Freescale – na kłopoty restrukturyzacja

| Gospodarka Artykuły

Ograniczony popyt na układy scalone i trudne warunki ekonomiczne sprawiają, że Freescale decyduje się na sprzedaż części firmy wytwarzającej układy do telefonów komórkowych i na zamknięcie fabryk półprzewodników starszych generacji. Jednocześnie zaawansowane układy komunikacji bezprzewodowej, w tym procesory wykonane w technologii 45nm, sytuują Freescale w czołówce firm z branży.

Freescale – na kłopoty restrukturyzacja

Freescale Semiconductor, obecny od lat na liście 20 największych producentów półprzewodników na świecie, znalazł się w na tyle trudnej sytuacji finansowej, że zdecydował się sprzedać jeden ze swoich oddziałów.
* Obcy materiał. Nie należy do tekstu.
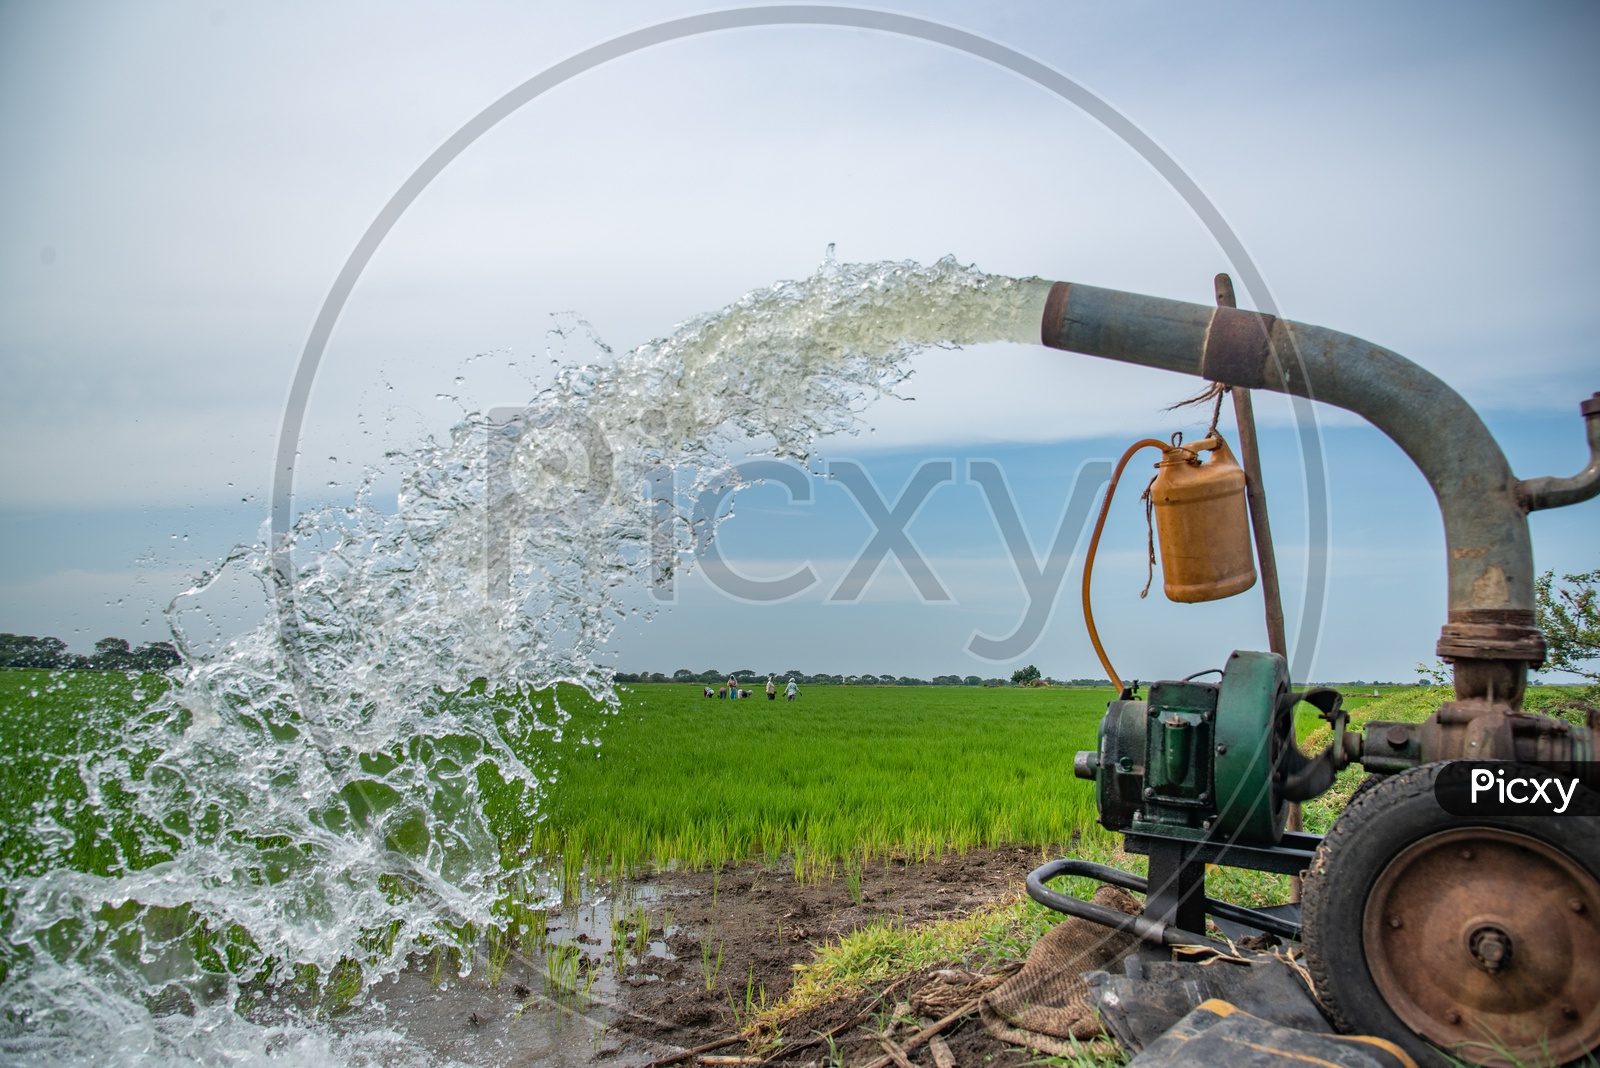 water ebing pumped into paddy fields using diesel water pump engines

Według danych IC Insights, wartość sprzedaży produktów w 2008 roku wyniosła 4,96 mld dolarów, co oznacza spadek o 11% w porównaniu do roku poprzedniego. 

Spółka podjęła wysiłki, aby odzyskać stabilność finansową i zdołała wymiernie zredukować długoterminowe zadłużenie, z 9,6 mld dol. w ostatnim kwartale ubiegłego roku do 7,5 mld dol. pod koniec pierwszego kwartału 2009 r. Przy tej wysokości zadłużenia, Freescale ponosi jednak ogromny ciężar kosztów jego obsługi, a niski poziom sprzedaży nie pozwala na inwestycje. W tej sytuacji władze koncernu krytycznie przyjrzały się strukturze spółki i zdecydowały o sprzedaży pionu zajmującego się produkcją układów do komunikacji komórkowej i kilku zakładów z nią związanych.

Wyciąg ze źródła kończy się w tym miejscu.